Task directions. Transcribe the full listing exactly, and drop every picture.

Input data.
+ + +
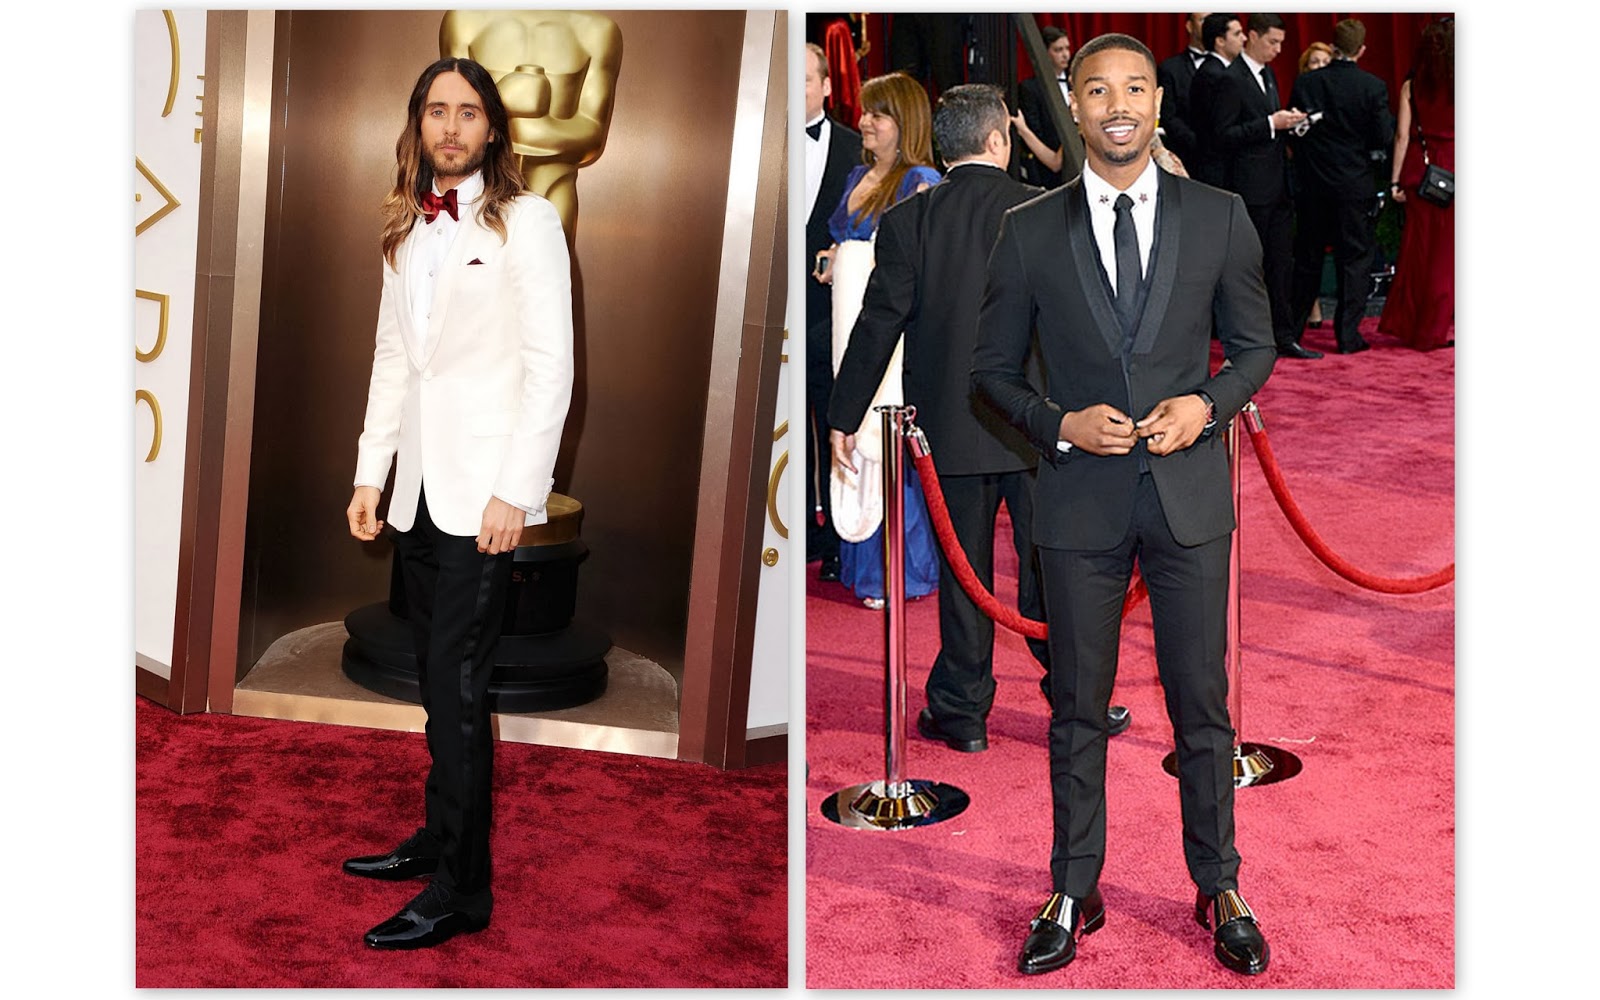 Red carpet - Best dressed of the Oscars 2014 | C U R L Y C U R V E S1600 x 1000
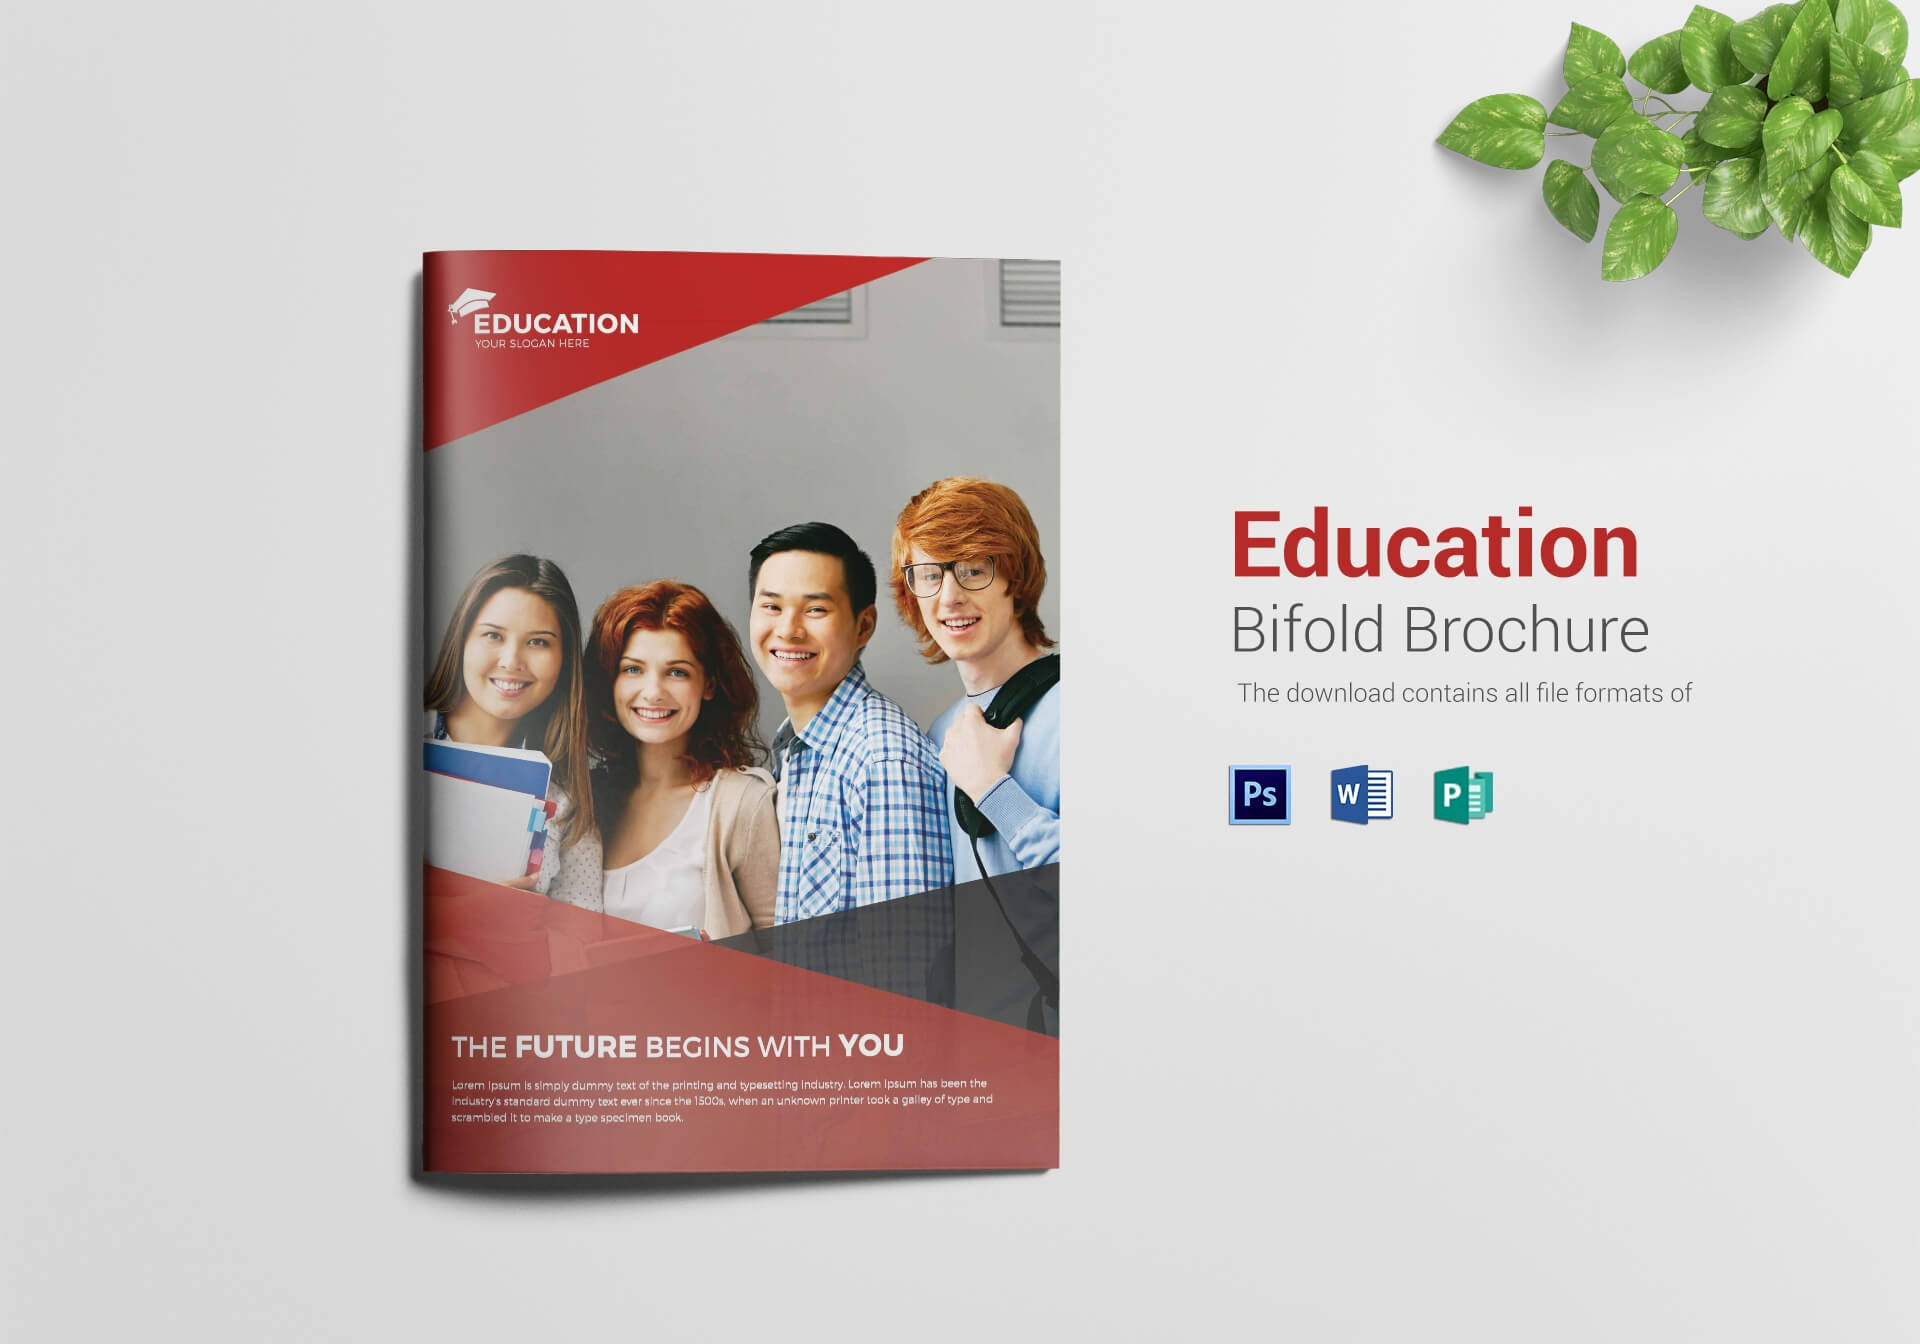 10+ Educational Brochure Design Templates, Examples With Regard To Brochure Design Templates For Education
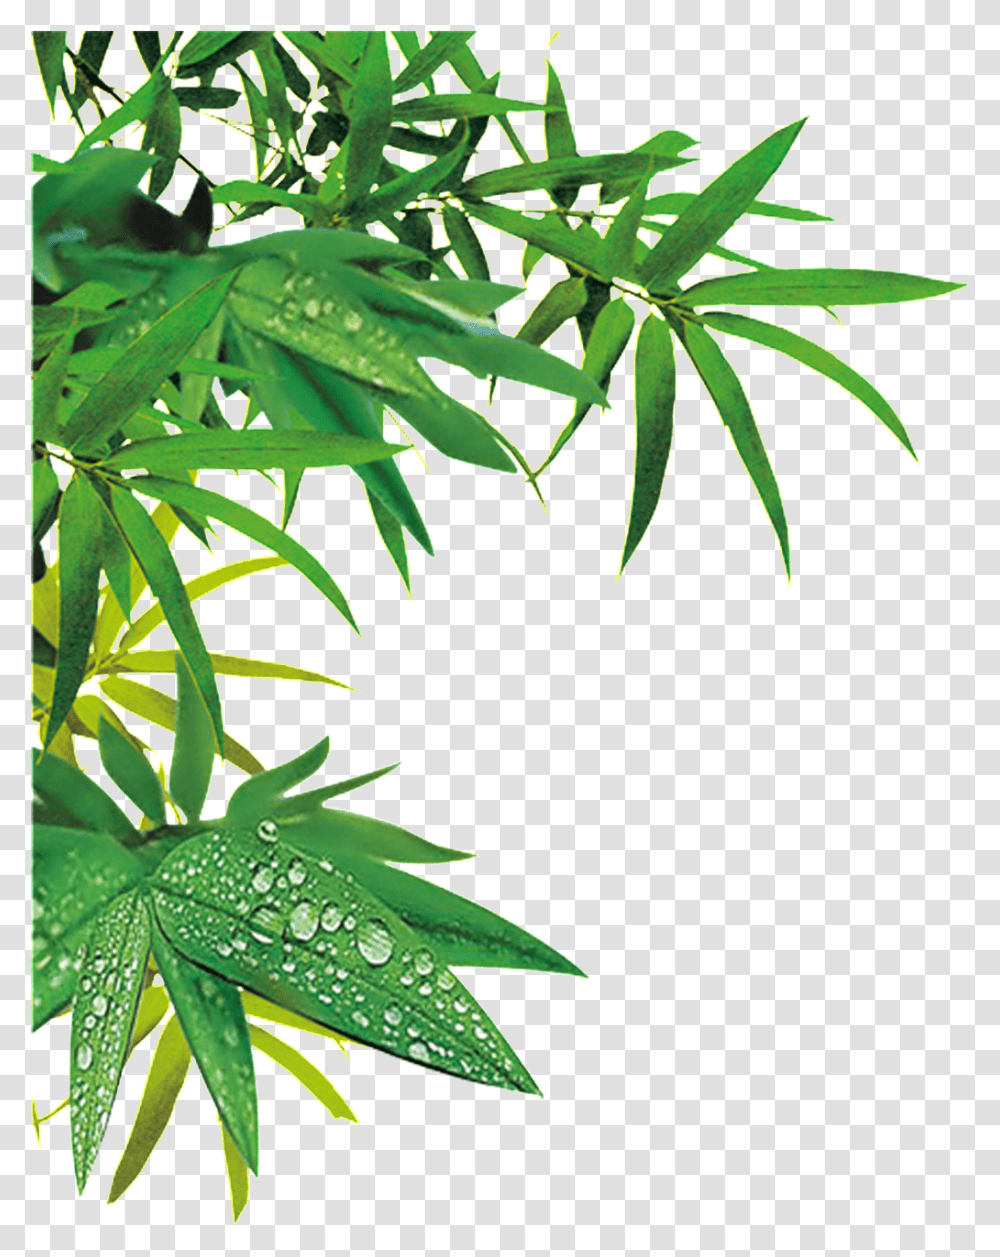 Hnh V L Trc Clipart Download Bamboo Forest Bamboo Tree Cartoon, Leaf, Plant, Vegetation, Hemp Transparent Png
+ + +
Result.
 Red carpet - Best dressed of the Oscars 2014 | C U R L Y C U R V E S1600 x 1000
 10+ Educational Brochure Design Templates, Examples With Regard To Brochure Design Templates For Education
 Hnh V L Trc Clipart Download Bamboo Forest Bamboo Tree Cartoon, Leaf, Plant, Vegetation, Hemp Transparent Png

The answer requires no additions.